Under modern conditions, however, the four humors theory possesses no epistemic competitiveness in medical diagnostics, therapy, or disease modeling. Its explanatory and interventionist performance has been replaced by modern medicine, physiology, pathology, microbiology, and evidence-based procedures. Present-day appeals to the four humors theory may occur in historical, cultural-historical, or alternative-medicine contexts, but they do not ground a relevant scientific domain in the sense of this paper.
The case again illustrates the difference between persistence and validity. Models do not necessarily disappear from language, culture, or history when they are scientifically falsified. Global falsification means rather that a model no longer possesses viable competitiveness within the relevant scientific contexts of practice.
Anti-immunization check. The four humors theory cannot be epistemically rescued by treating its present-day historical or metaphorical use as a relevant medical domain. Such a residual domain would not be independently stabilized by current medical testing procedures, therapeutic successes, or scientific evaluative orderings.

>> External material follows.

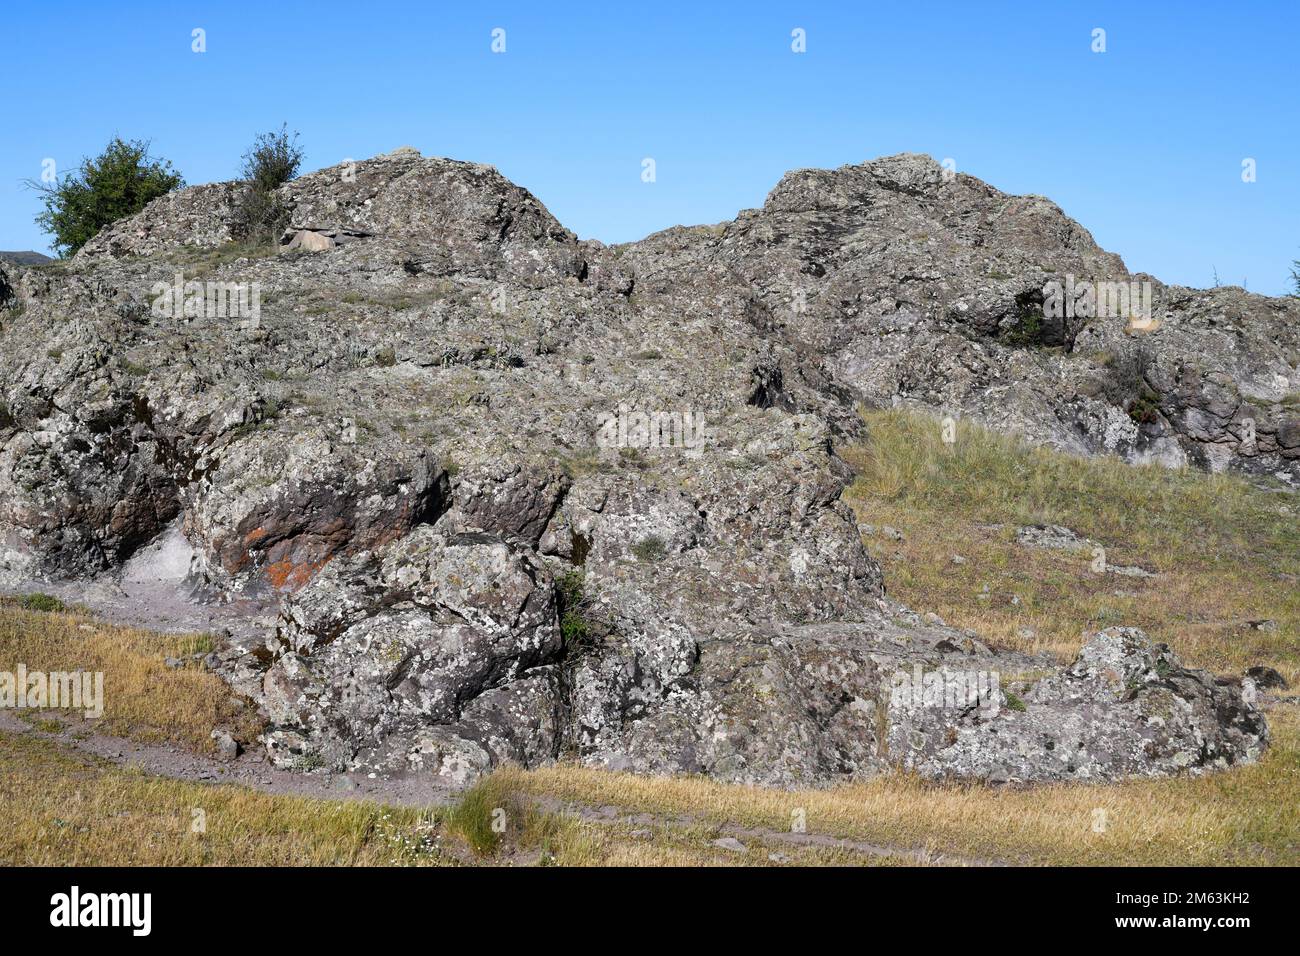 Volcanic outcrop of andesita from Permian. Cerros volcanicos de la Miñosa, Guadalajara, castilla-La Mancha, Spain. Stock Photo
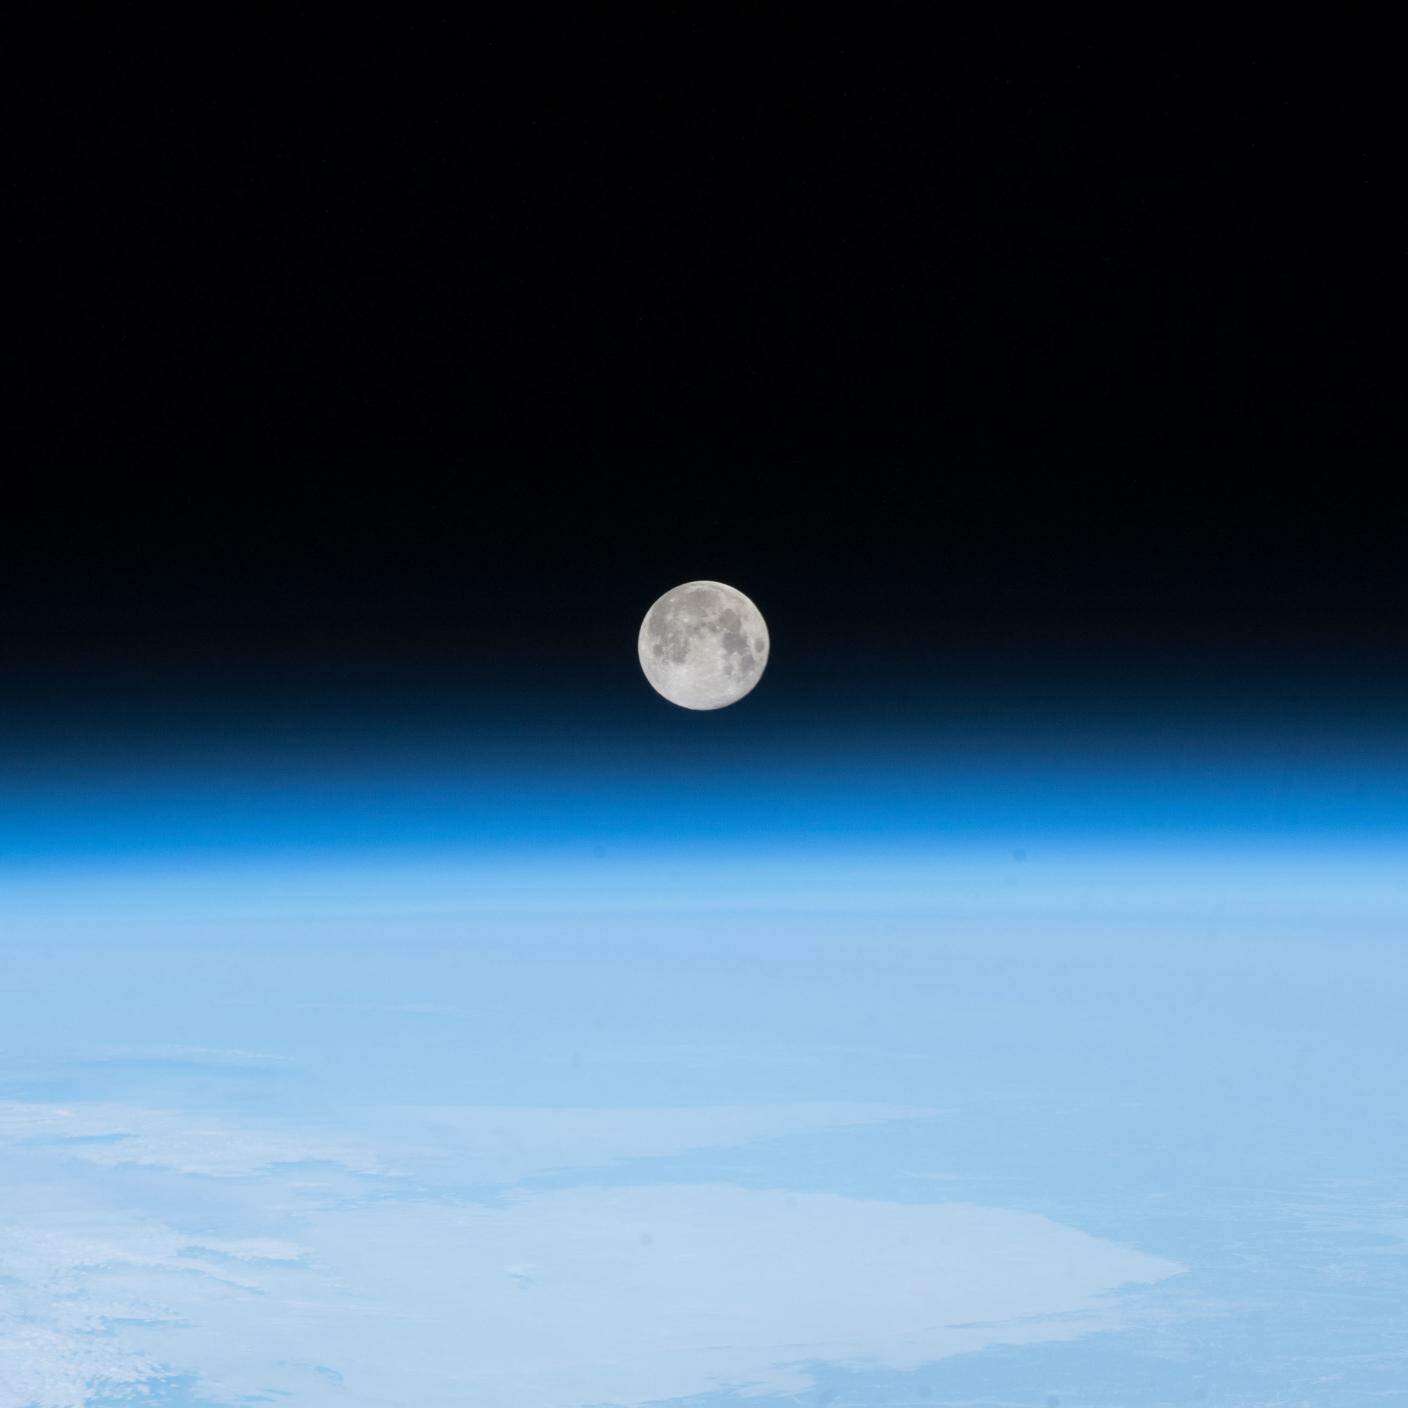 L'equipaggio della Stazione Spaziale Internazionale ha fotografato questa immagine della luna piena il 30 aprile 2018

A.6 Overview of the Examples
| Case | Problematic domain | Preserved domain | Diagnosis within the framework of this paper |
|---|---|---|---|
| Newtonian mechanics | relativistic velocities, strong gravitation, high-precision boundary cases | technical, everyday, and engineering applications, and classical regimes of approximation | contextual falsification with domain restriction |
| Phlogiston theory | combustion, oxidation, chemical reaction theory | no current scientific domain; historical and didactic residual use | global falsification |
| Climate models | particular regional, short-term, or highly uncertain subdomains | long-term global trends and robust ensemble-based projections | contextual falsification within model families |
| Ptolemaic epicycles | astronomical explanation under changed mathematical and physical conditions | historical and didactic reconstruction | global replacement; boundary case between legitimate adjustment and ad hoc stabilization |
| Four humors theory | modern medical diagnostics and therapy | historical, cultural-historical, or metaphorical use | global falsification despite cultural persistence |
The examples show that the two-stage falsification structure is not merely a formal distinction. It allows different cases of scientific model evaluation to be reconstructed in differentiated ways: models can fail locally and yet be rationally preserved; they can persist historically and yet be globally falsified; they can be improved through legitimate domain refinement or stabilized artificially through merely ad hoc decomposition. What is decisive in each case is whether the remaining model validity is supported by relevant domains, disciplinary evaluative standards, and new epistemic gains.